The money was not great. Mrs. Charles spent years making less than $10 an hour, even after Ms. Deen became a Food Network star. And there were tough moments. She said Ms. Deen used racial slurs. Once she wanted Mrs. Charles to ring a dinner bell in front of the restaurant, hollering for people to come and get it.
“I said, ‘I’m not ringing no bell,’” Mrs. Charles said. “That’s a symbol to me of what we used to do back in the day.”
For a black woman in Savannah with a ninth-grade education, though, it was good steady work. And Ms. Deen, she said, held out the promise that together, they might get rich one day.
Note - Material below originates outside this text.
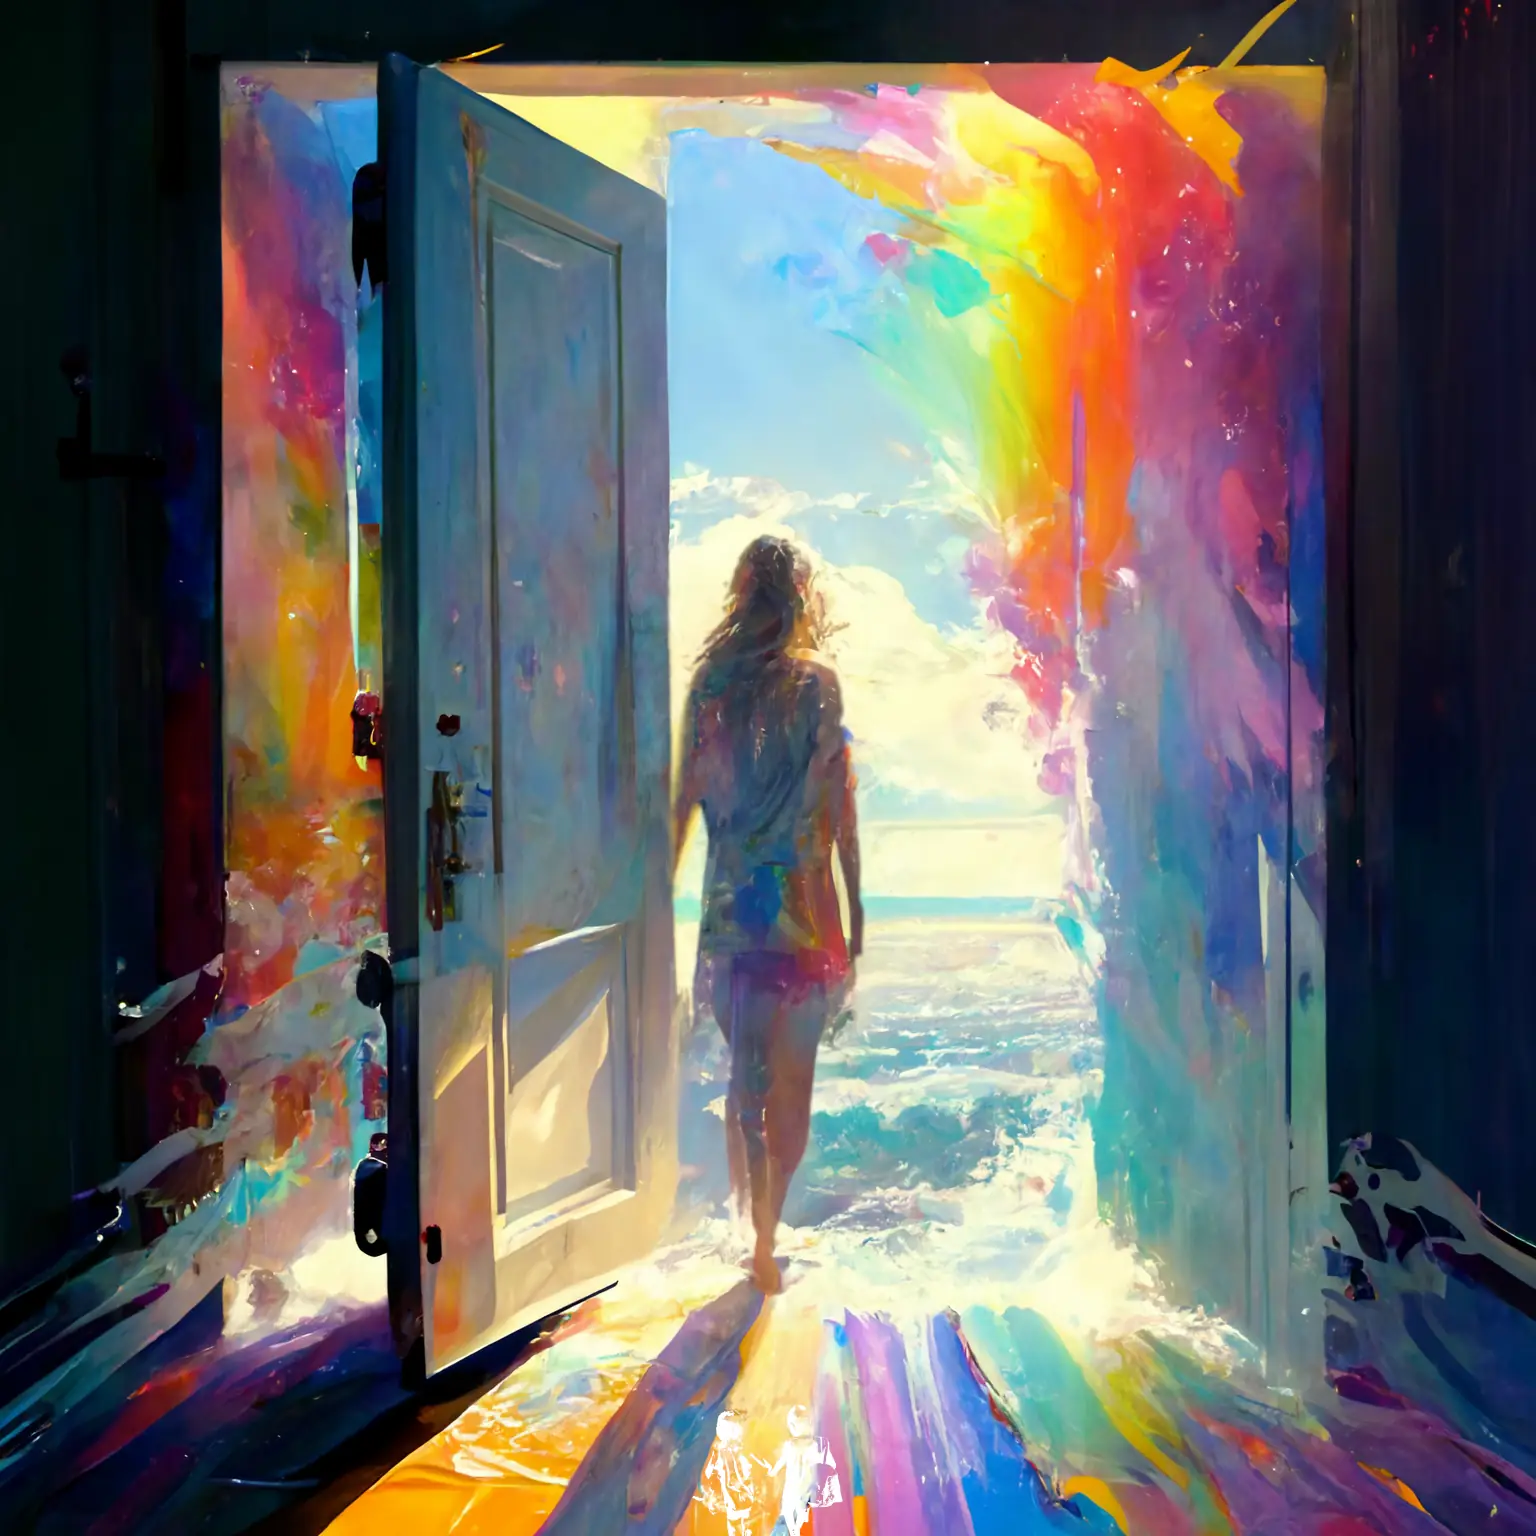 A colourful artistic rendering of a woman standing in an open doorway looking out on to the sea. It's a very happy and full of life image.
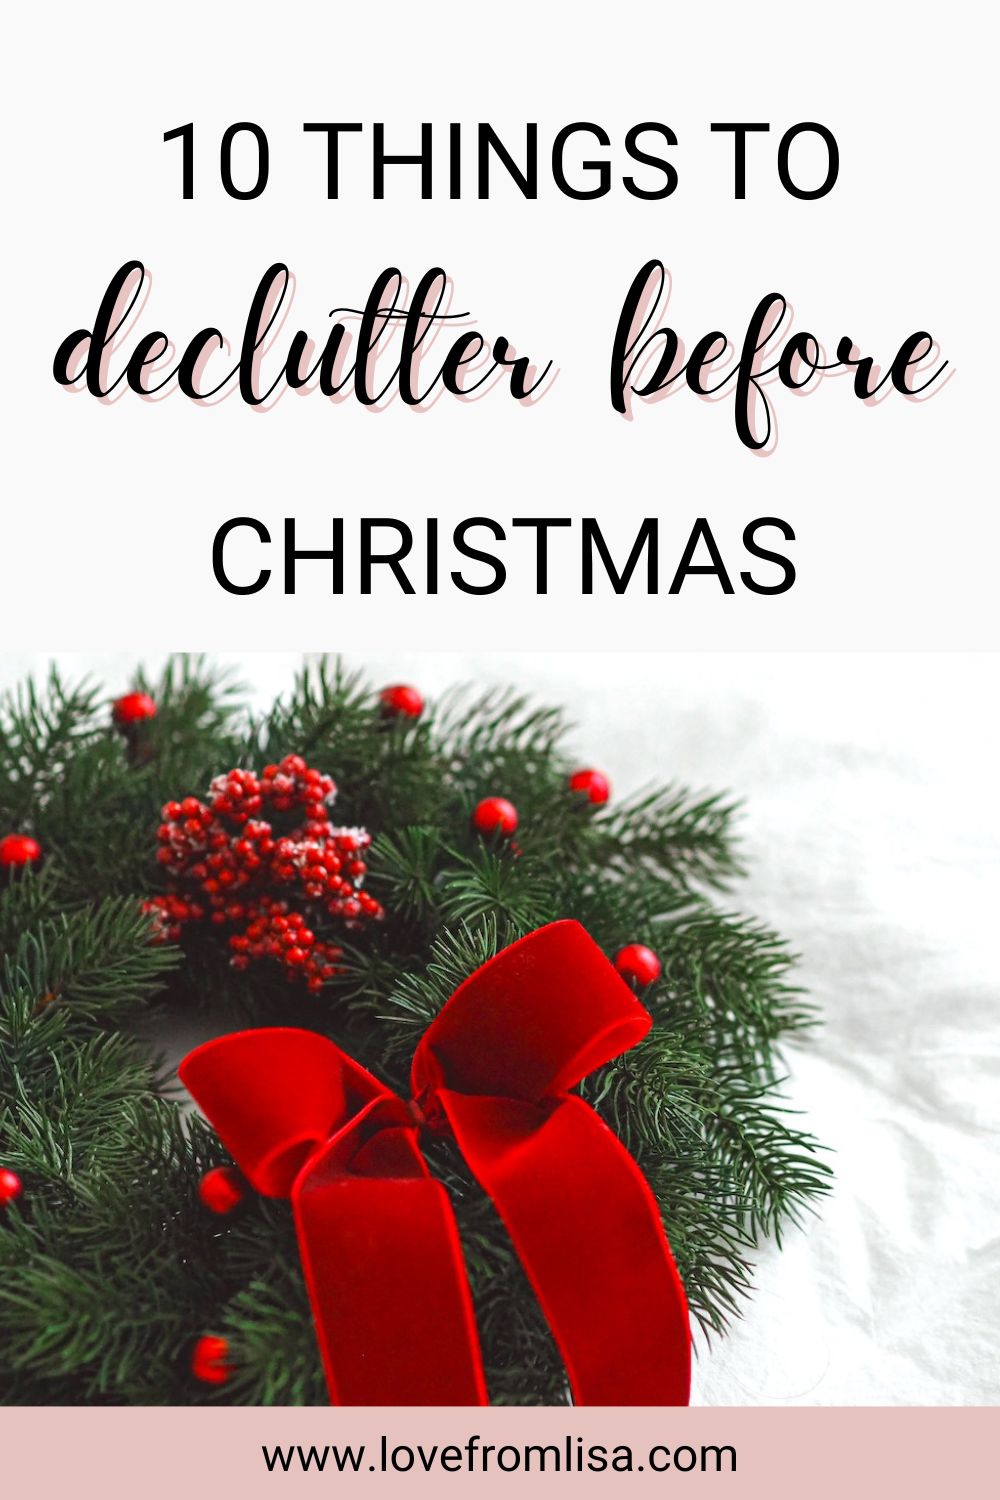 10 things to declutter before Christmas Pinterest

Now, Ms. Deen, 66, is fighting empire-crushing accusations of racism, and Mrs. Charles, 59 and nursing a bad shoulder, lives in an aging trailer home on the outskirts of Savannah.
“It’s just time that everybody knows that Paula Deen don’t treat me the way they think she treat me,” she said.
The relationship between Mrs. Charles and Ms. Deen is a complex one, laced with history and deep affection, whose roots can be traced back to the antebellum South. Depending on whether Mrs. Charles or Ms. Deen tells the story, it illustrates lives of racial inequity or benevolence.
Jessica B. Harris, a culinary scholar whose books have explored the role of Africans in the Southern kitchen, said Ms. Deen and Mrs. Charles are characters in a story that has been played out since slaves started cooking for whites. “Peering through the window of someone else’s success when you have been instrumental in creating that success is not a good feeling,” Ms. Harris said. “Think about who made money from the blues.”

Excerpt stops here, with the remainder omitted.